The Boston Bolts – one of the Bay State’s oldest clubs, with teams in a variety of leagues – have also adjusted. They instituted strong safety protocols, and reassured anxious parents that there would be no repercussions if they kept their young players home for a while. (None did.)
Meanwhile, says director of coaching Marco Koolman, “clubs and leagues have come together more than ever before, so kids can compete safely. Club directors have put the competitive element aside, to create opportunities for matches. Everyone is dying to play, so we put egos aside. We all know if we don’t work together, we’ll never be able to play an outside team.” Its ECNL teams, for example, travel as far as Maryland.
At least club teams are starting to train. Koolman says the Massachusetts Interscholastic Athletic Association will not make a decision on high school sports until mid-September. To fill the breach, the Bolts have organized opportunities for high school athletes – who usually don’t join their club teams until mid-November -- to train, and play intra-squad scrimmages.
Similarly, to serve older players whose college seasons have now been canceled – many of whom are taking courses online, at home – the Bolts and other clubs created U-23 teams.
Youth soccer in New England below the elite level is largely town-based. Teams do not travel out of state. But COVID has impacted every Massachusetts Youth Soccer Association member as well. Several towns have refused to give out field permits unless the organization offered modifications to its games.
This weekend, the MYSA introduced new rules for its 200,000-plus players. They include no heading, no shoulder to shoulder challenges, and no slide tackling within 6 feet of another player.
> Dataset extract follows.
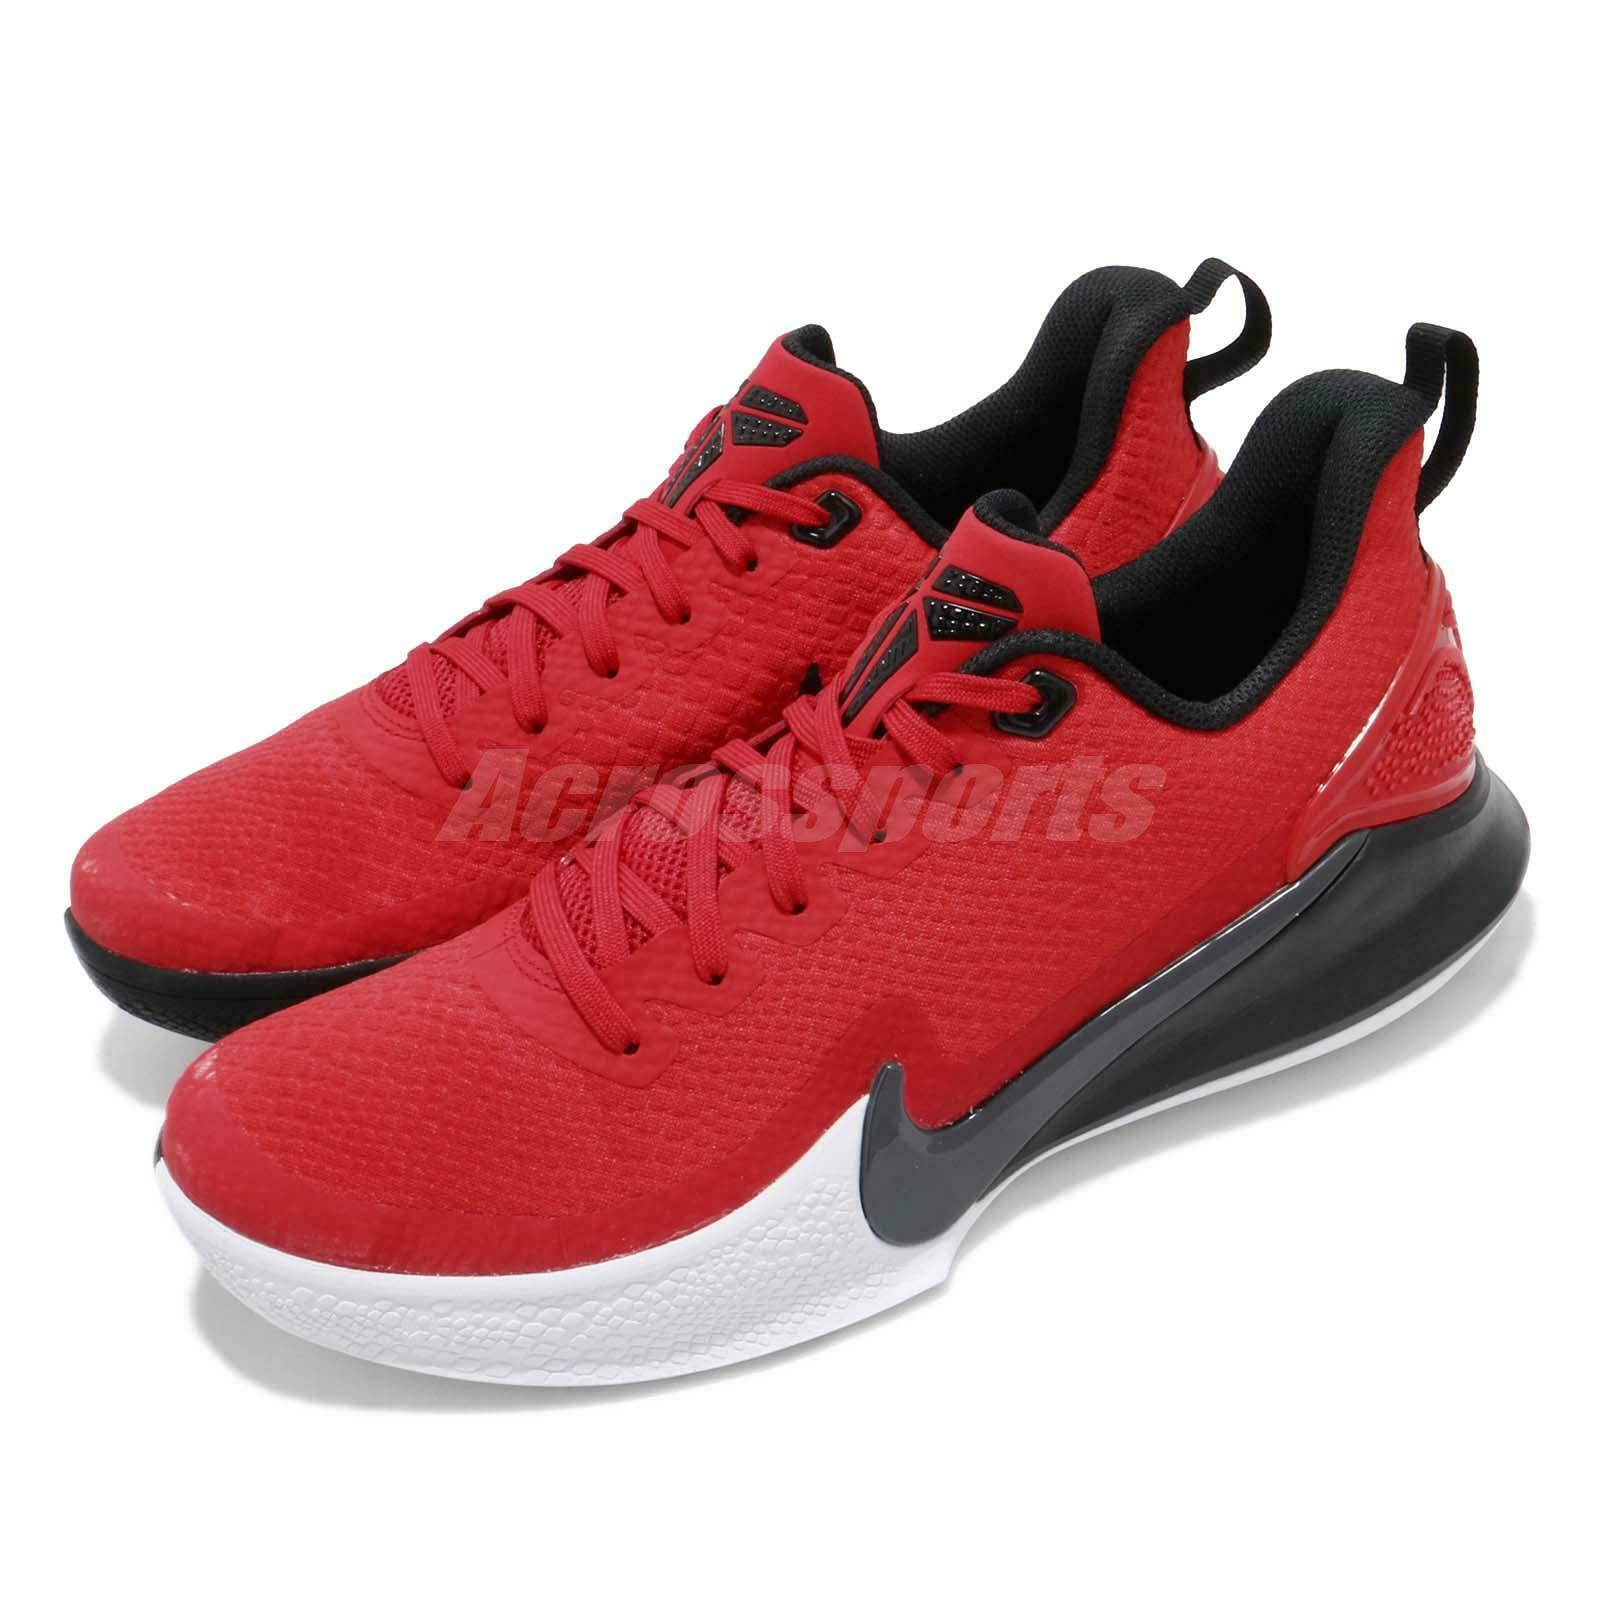 Nike Mamba Focus EP Kobe Bryant Red Black White Men Basketball shoes AO4434-600

Referees will quickly admonish anyone making physical contact, even incidental.
Throw-ins are replaced with kick-ins. Corner kicks cannot be taken into the penalty area, to prevent jostling. There are no walls on restarts.
“A lot of this is similar to what a team does the day before a game, when they don’t want anyone injured,” says MYSA executive director Mike Borislow.
Massachusetts is not alone. On weekly calls with the 14 other United States Youth Soccer Region I leaders – and another with the 10 largest state associations nationwide – they all share best practices.
Borislow is confident the new regulations will work. “Kids are great. They figure things out,” he says.
He goes even further, calling MYSA’s guidelines “benchmarks for other sports. We’re erring on the side of caution. We’re not looking for risky interpretations of our state’s reopening rules. We want soccer to be safe to play. We feel these are fair, equitable and manageable adaptations – and they protect our children.”
Massachusetts politicians and health officials “have the physical and mental health of all children in mind,” Borislow adds. “If they didn’t, they’d just shut youth sports down.
“We could say ‘this is not normal soccer.’ But right now, life is not normal. We’ll figure all this out with soccer, just like we’re figuring out the new normal with work, school and families.”